Je me suis abonné a Netflix et suis tres déçu de constater que face a la profusion de l'offre en Films, ceux ci sont tres rarement en langue francaise.
Sur mon Apple TV, les synopsis sont en francais , et lorsque je lance le film, 8 fois sur dix, c'est de l'anglais ou de l'espagnol.
Quelle est la manip pour avoir systématiquement les films en francais ? 
Je pense avoir paramétré pourtant partout ou cela est possible que je veux du Francais, y compris en me connectant via mon Mac directement sur le site Netflix, rien n'y fait.
Il y a donc su peu de videos en francais chez Netflix ?

Merci de vos avis et reponses.


----------



## Bambouille (25 Octobre 2017)

Une fois le film lancé, dans la barre de contrôle tu as juste avant l'option "plein écran" l'option "audio et sous titre".
Moi c'est l'inverse, c'est VO ou rien !


----------



## Deleted member 18124 (29 Octobre 2017)

Toutes les séries et films que je regarde sur Netflix, à l'exception des productions japonaises, sont disponibles en VF (et réglées par défaut sur la VF).

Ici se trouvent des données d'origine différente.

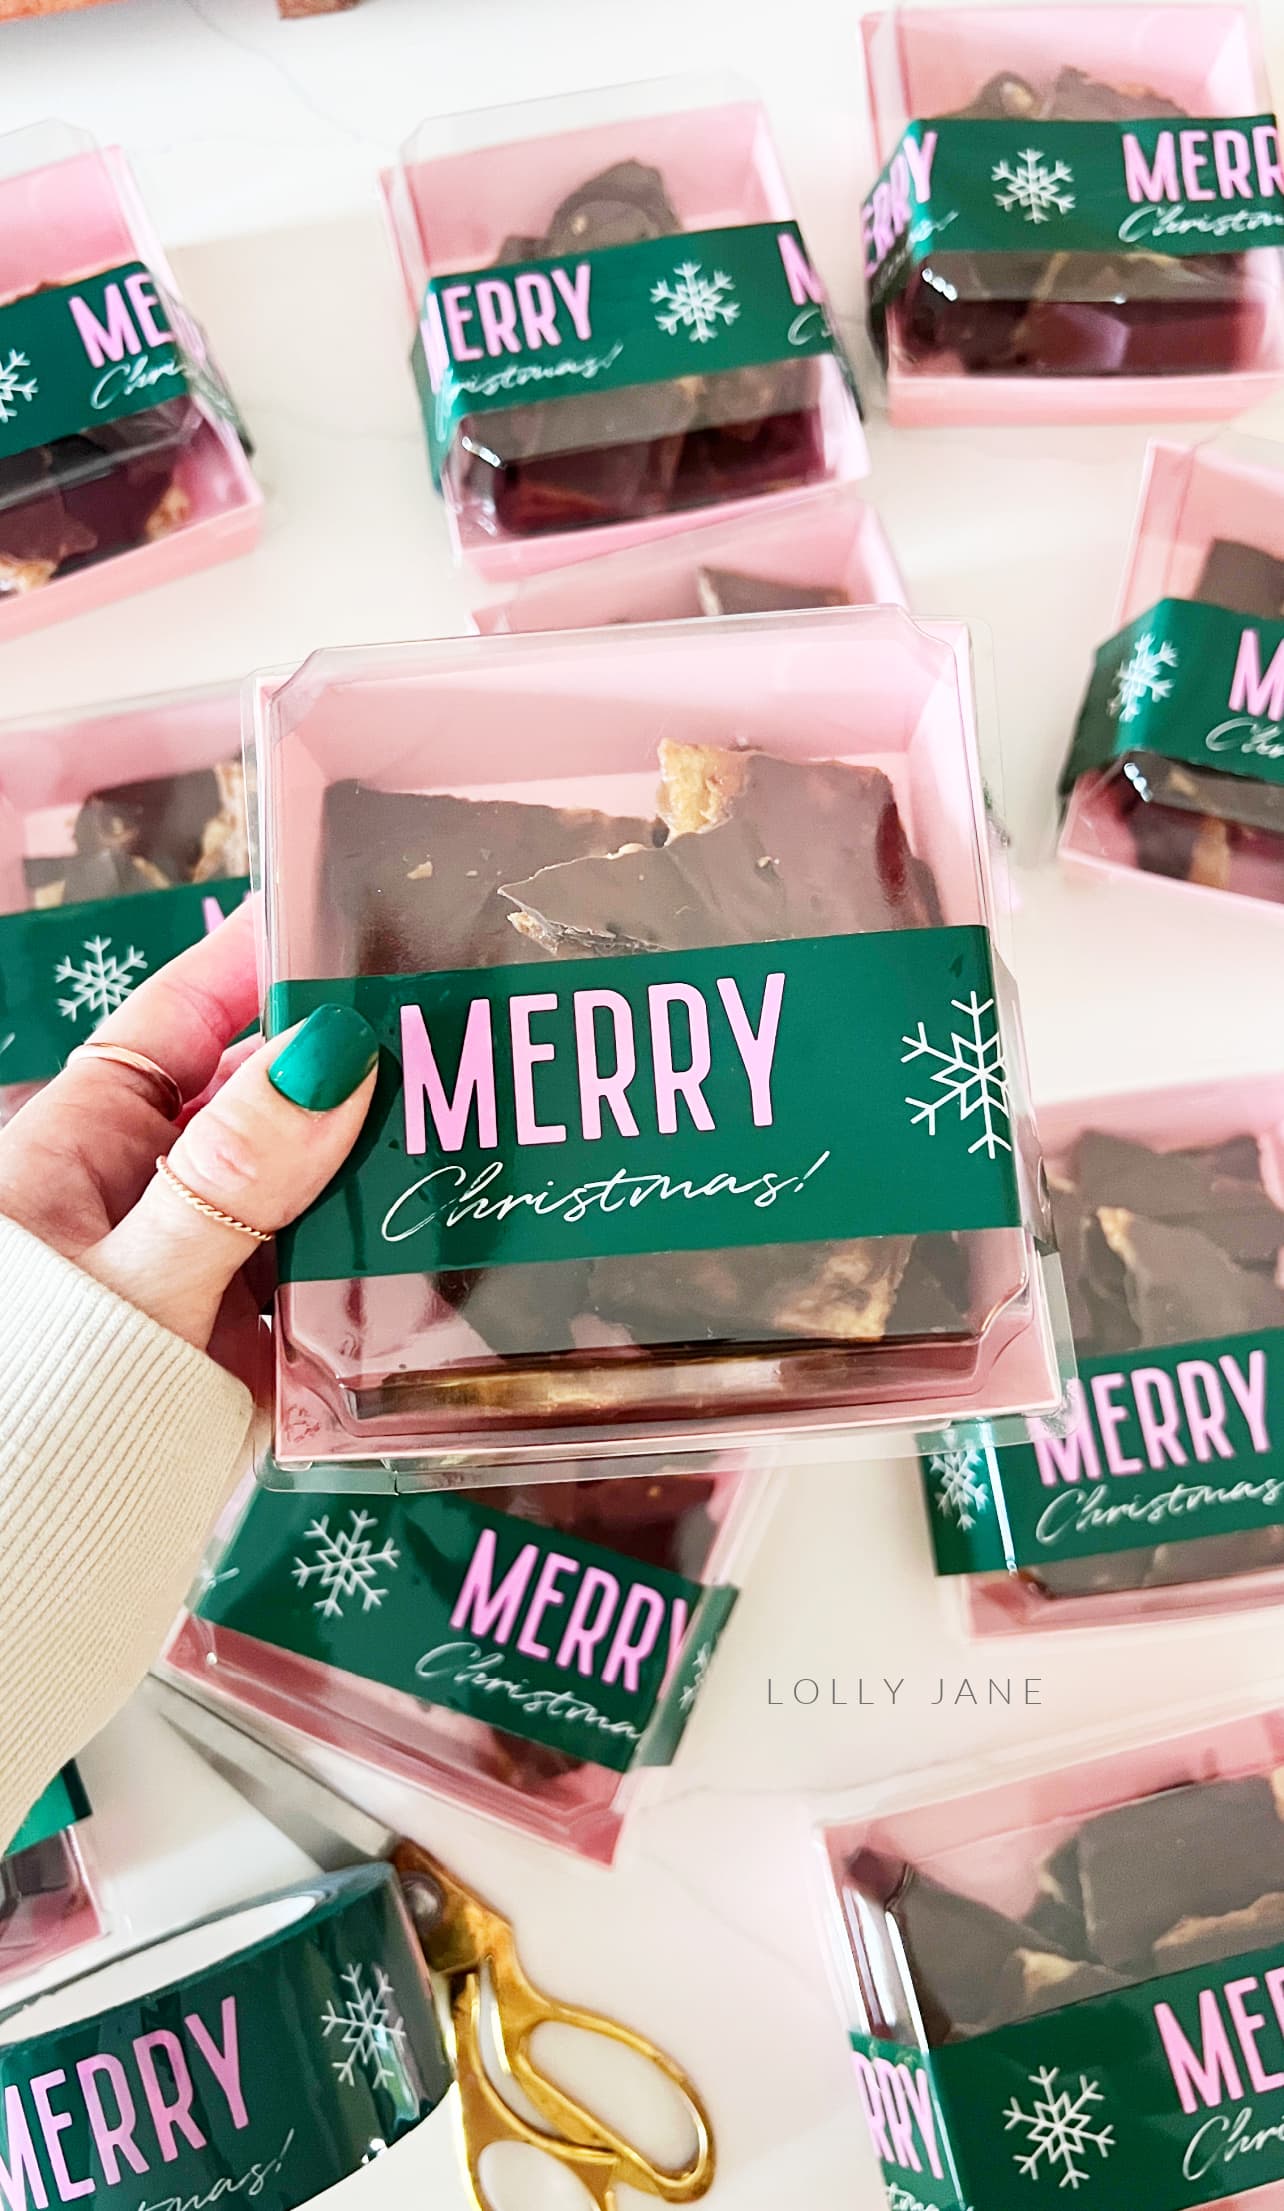 Spread holiday cheer with a thoughtful touch! 🎁✨ Our individual pink charcuterie packaging, adorned with coordinating Merry Christmas tape, is the perfect neighbor gift idea. Create a festive presentation for a delicious surprise that's sure to delight. 🍇🧀 Packaged with love, this charming ensemble makes sharing the joy of the season easy and stylish. #NeighborGifts #HolidayCheer #CharcuterieLove #MerryChristmas

Sinon, voilà : https://help.netflix.com/fr/node/372


----------



## StoneGuad (29 Octobre 2017)

Himeji a dit:


> sont disponibles en VF


Ah bon.
Bon , est ce que j'ai cette difficulté parce que je suis en Guadeloupe ? (IP)
Alors que coté paramètres, je demande bien le français.
Ce qui est curieux, c'est que pour une minorité de films, j'ai le francais par defaut...


----------



## Deleted member 18124 (30 Octobre 2017)

Je ne peux pas te dire.


----------